Let's check in with famous and successful media critic Howard Kurtz of the Washington Post. What is Mr. Kurtz writing about today? The Monday after John McCain's much-discussed appearance on Saturday Night Live, his second of the general election campaign and coming just weeks after his running mate Sarah Palin's well-publicized cameo, Kurtz's column is, of course, about how Obama is on TV all the time, and all the television talk shows are In The Tank for Barack Obama.

But daytime and late-night shows have been an underrated factor in this campaign, and an undeniable advantage for Obama.
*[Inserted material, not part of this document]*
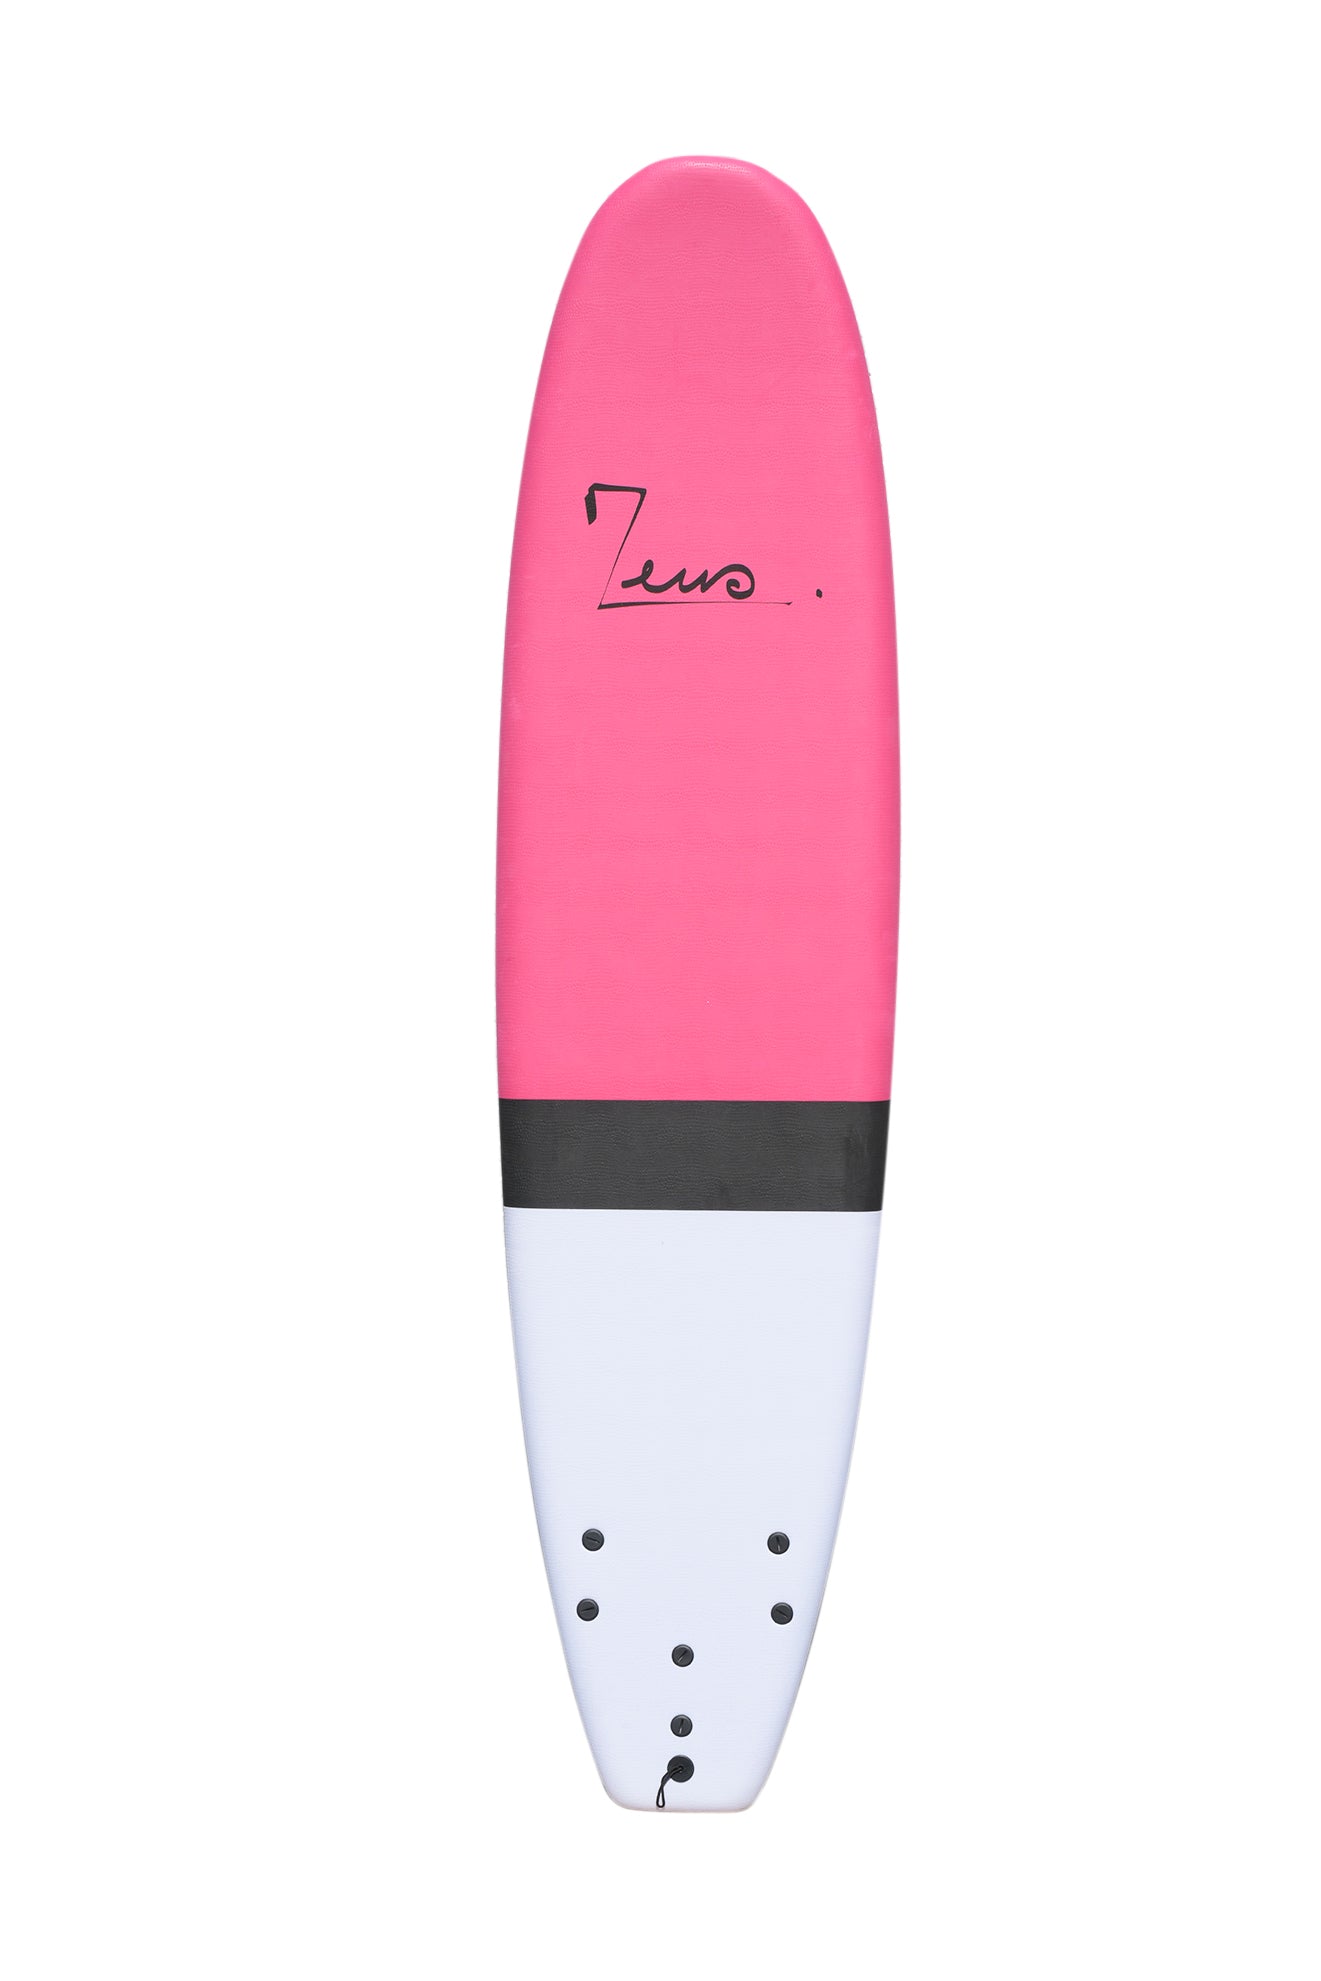 Zeus Rosa 7'6product_type#surf_#surfshop#_zeus-surfboards_
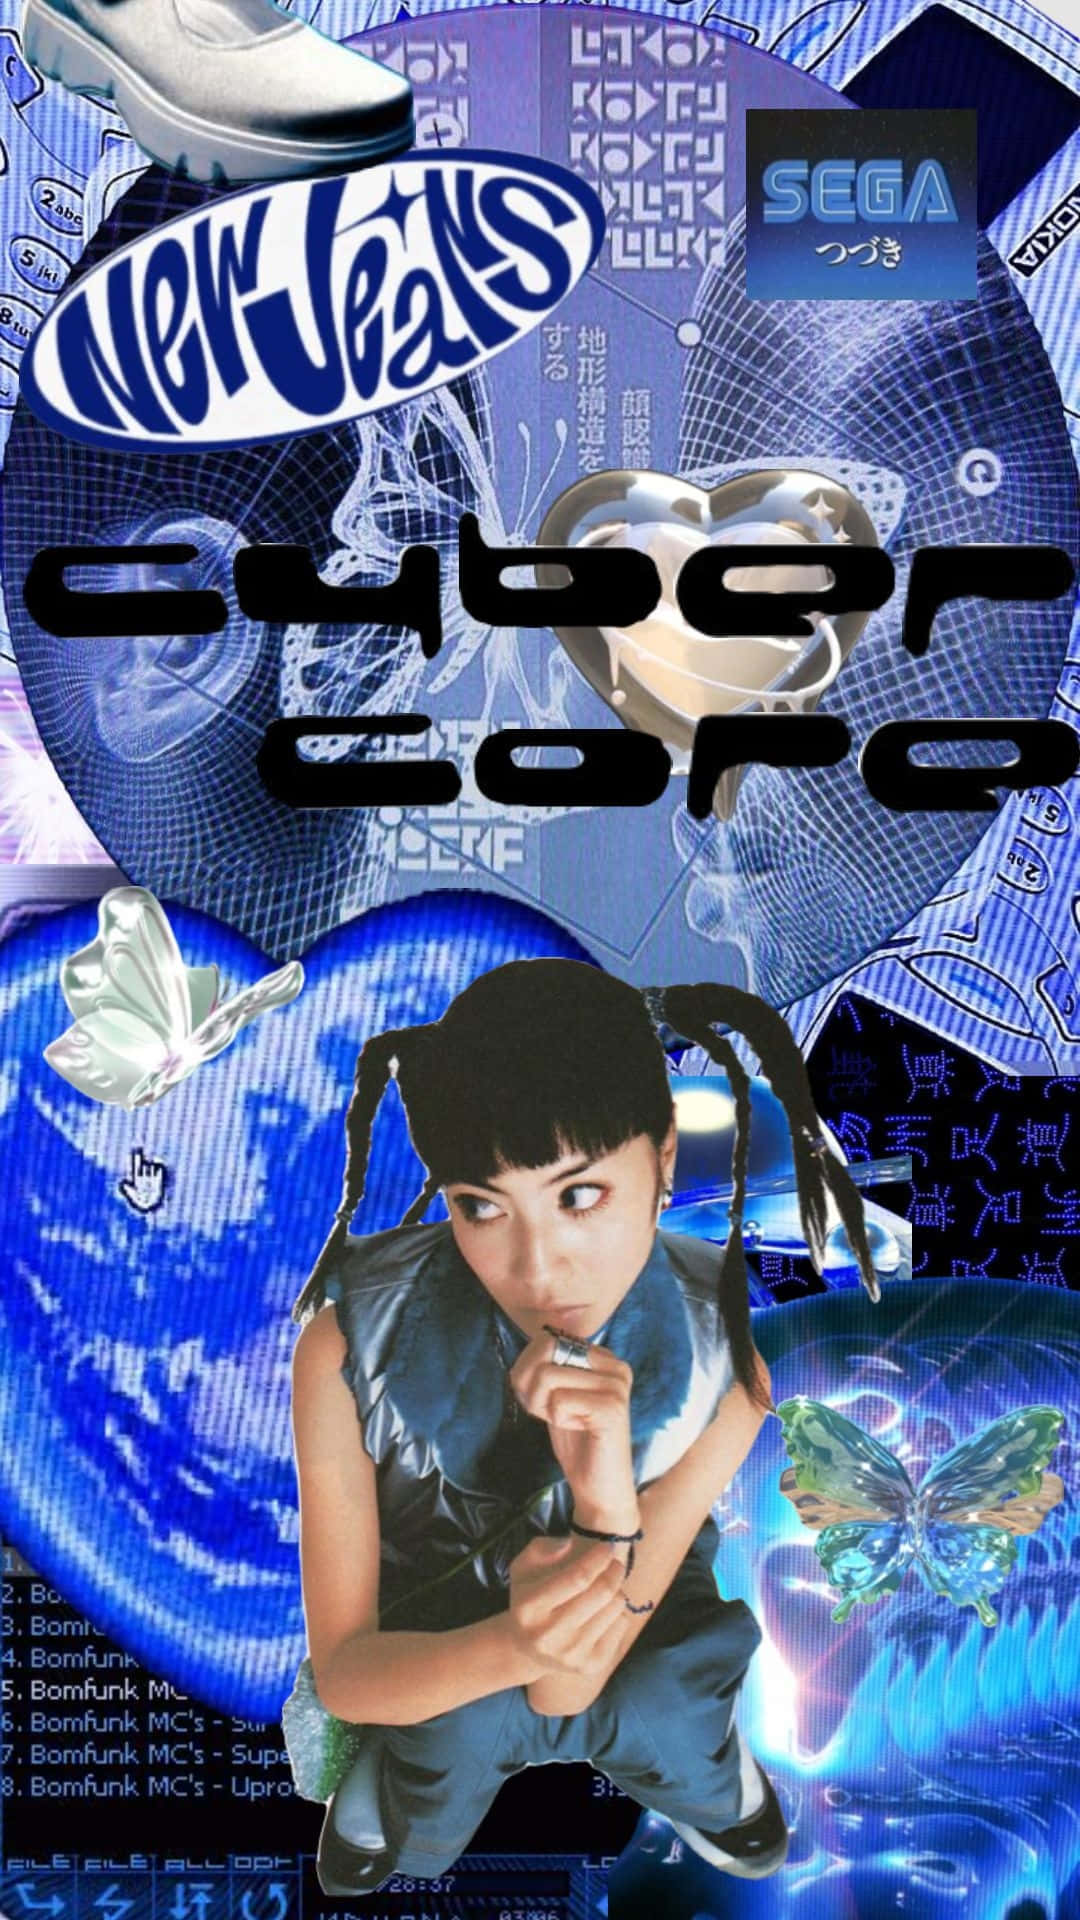 Cybercore Y2 K Aesthetic Collage Wallpaper

Ellen DeGeneres, David Letterman and panelists on "The View" all confronted McCain, while Obama has basically joked and danced his way through such appearances, including a "Daily Show" stint last week in which Jon Stewart asked him about "the whole socialism/Marxist thing." If anyone doubts there is a liberal entertainment establishment, it has been vividly on display.

Yes, that is right. John McCain, who barbecued with Rachel Ray and did Leno and Letterman and who campaigned with The View's Elisabeth Hasselbeck, is a victim of the liberal entertainment establishment. Poor Senator John McCain, who held the record for most Daily Show appearances ever, was victimized by mean questions on the talk shows he kept appearing on, over and over again, while Obama just shucked and jived—sorry, "joked and danced"—his way to victory, thanks to the liberal bias of Ellen, who was mean to John because he wants to make her marriage illegal. On the day in which the story was McCain's media appearances, in a campaign that has hinged on those appearances before (he got grilled by Letterman because he ditched Letterman, remember), of course Howard is talking about how Obama got it easy on The View and McCain didn't (except for the first time he did The View, when he did get it easy). And oh, he was obviously not challenged on Leno, because Leno never challenges anyone. But Ellen and Joy Behar and Dave were mean to John McCain, so the world is unfair. (This is followed by an item about how there is a double standard because Sarah Palin is accused of hiding from the press even though recently she sat down with Brian Williams, Elizabeth Vargas, Jill Zuckman, and, snort, Sean Hannity [near-daily!]. She's also sat down with her traveling press corps "on several occasions." But mean Joe Biden is "hiding" from the press because he's only on tv multiple times every day, having done 211 interviews with local outlets, morning shows, the New York Times, and CBS, but not his traveling press corps. How is this a double standard? Well, there's a question mark in Kurtz's subhead so maybe he meant it's not a double standard, because to declare one when the evidence suggests an apparent single standard would of course be merely parroting a misleading GOP talking point and fair old Howard Kurtz would never do that.)